Greek Tourism Development Minister Fani Palli-Petralia held a meeting with Prime Minister Costas Karamanlis on March 1, during which she briefed him on the ministry's activities in preparation for the 2007 tourist season that is due to begin in a few days time, ANA reported.
In statements to reporters afterwards, Petralia said the signs for the current year in tourism appeared to be good.
"At the tourism development ministry we have presented the "tourism charter" on a regional basis, because we consider that it is the goal and purpose of every region, every prefecture and every municipality, since it is an element of economic growth in every area," Petralia underlined.

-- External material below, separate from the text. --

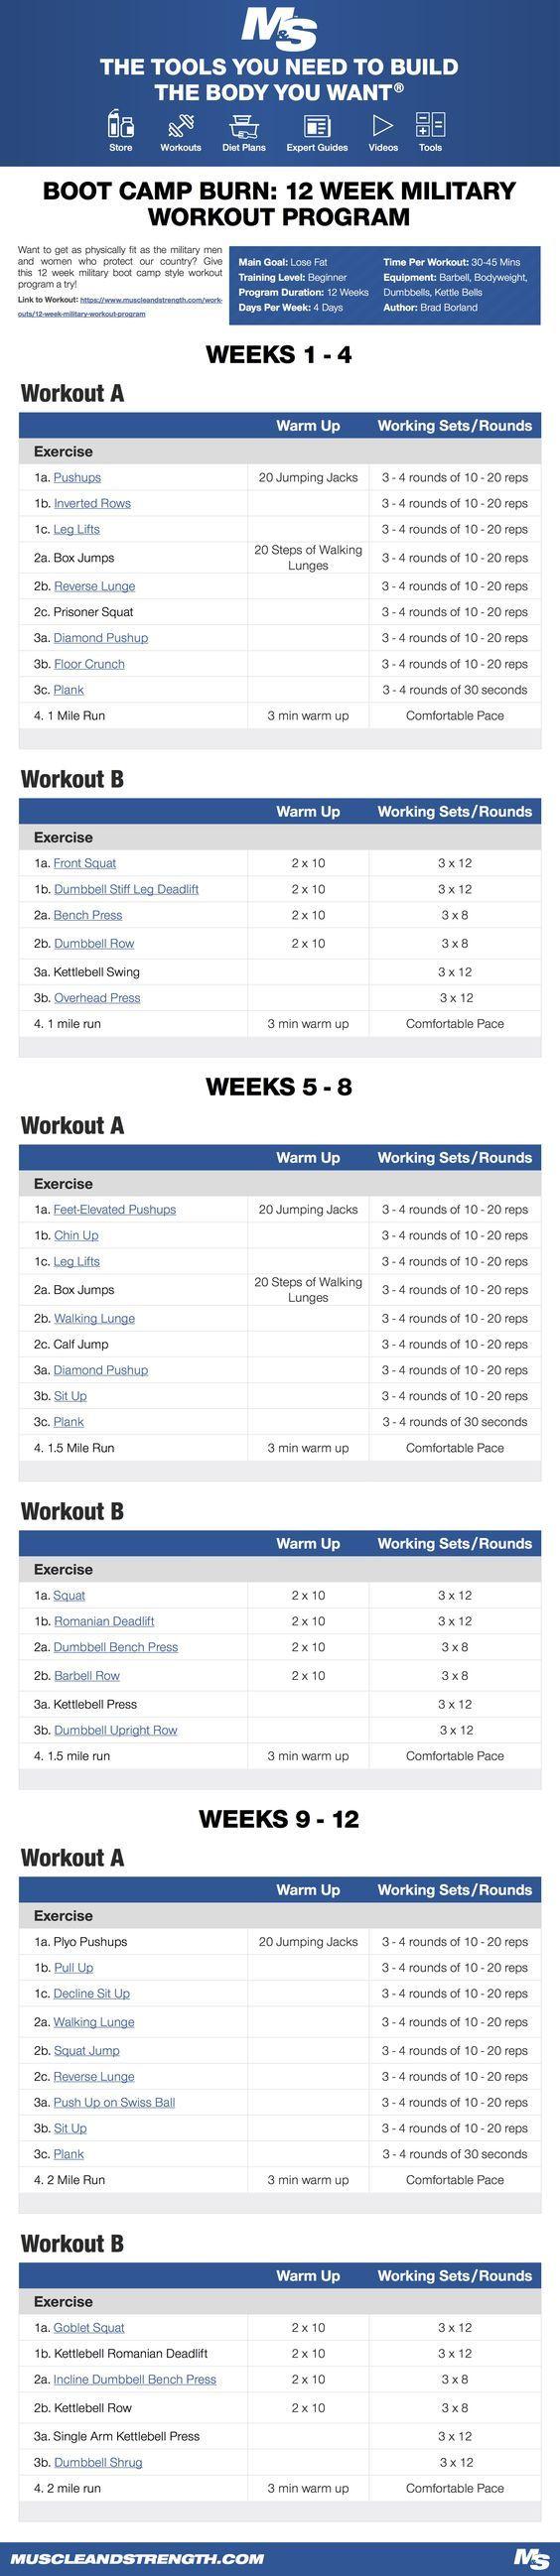 Boot Camp Burn: 12 Week Military Workout Program | exercise

During the meeting with Karamanlis, the minister also outlined the progress of an initiative to create 35 kilometres of cycle paths and promenades along the Athens coast, from the Peace and Friendship Stadium in Faliro up to the seaside resort of Varkiza, that is gradually beginning.
"Athens, the Attic basin must reach out to the sea and must breathe. This is an ambitious project that we are planning and in the coming period I will meet with the mayors of those areas, so that we can have a final study and go ahead with implementation," she said.

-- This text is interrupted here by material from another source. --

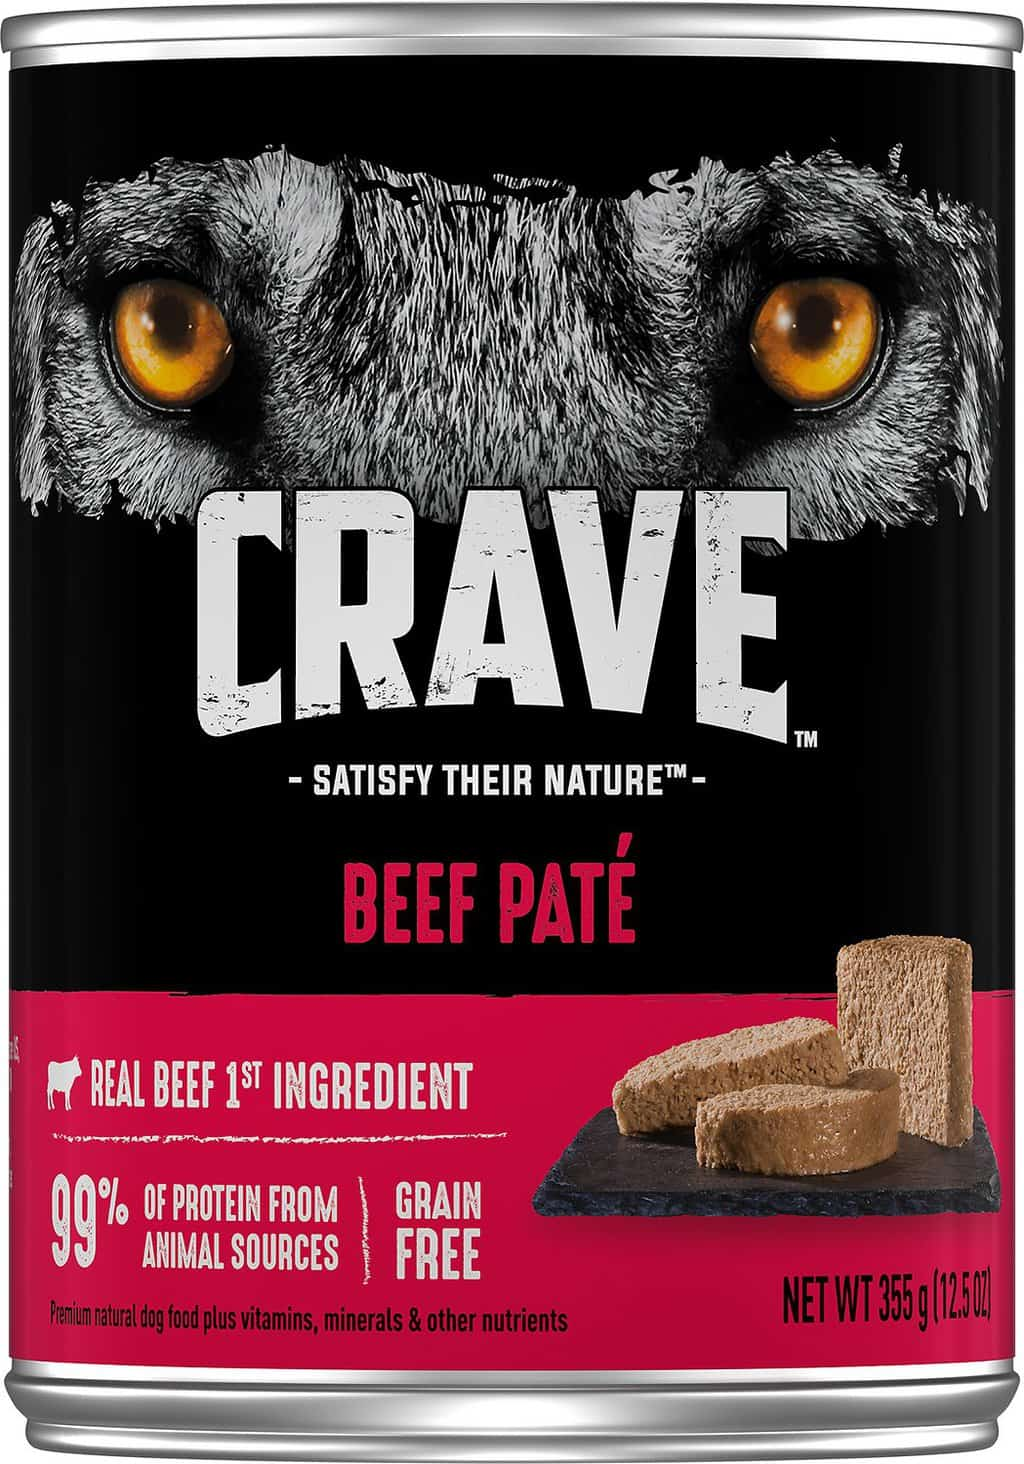 Crave Dog Food Review 2021: Best Canine Ancestral Diet? 14

Petralia underlined that her own ministry also had a lot of work ahead in order to achieve its goal of extending the tourist season, which would be its programme for the current summer, autumn and upcoming winter seasons.

Promoting Athens as tourist destination

Greek Tourist Development Minister, Fani Palli Petralia, and Athens Mayor, Nikitas Kaklamanis, held talks on March 5th, focusing on the promotion of Athens as a self-sufficient tourist destination so that it will not merely be a stopover for visitors en route to another destination in the country, ANA reported. 
To this end, the minister announced a programming contract agreement between the ministry and the municipality of Athens aimed at city tourism and the highlighting of Athens as an international tourist destination. In this framework, the conference on City Breaks will be hosted at the Tae Kwon Do facility in Faliro between June 11-13. Referring to the programme for reshaping the coastal zone with the creation of a bicycle and pedestrians road, Petralia said that this plan is proceeding normally, stressing that with the unified sea front, the city will be transformed into a coastal one.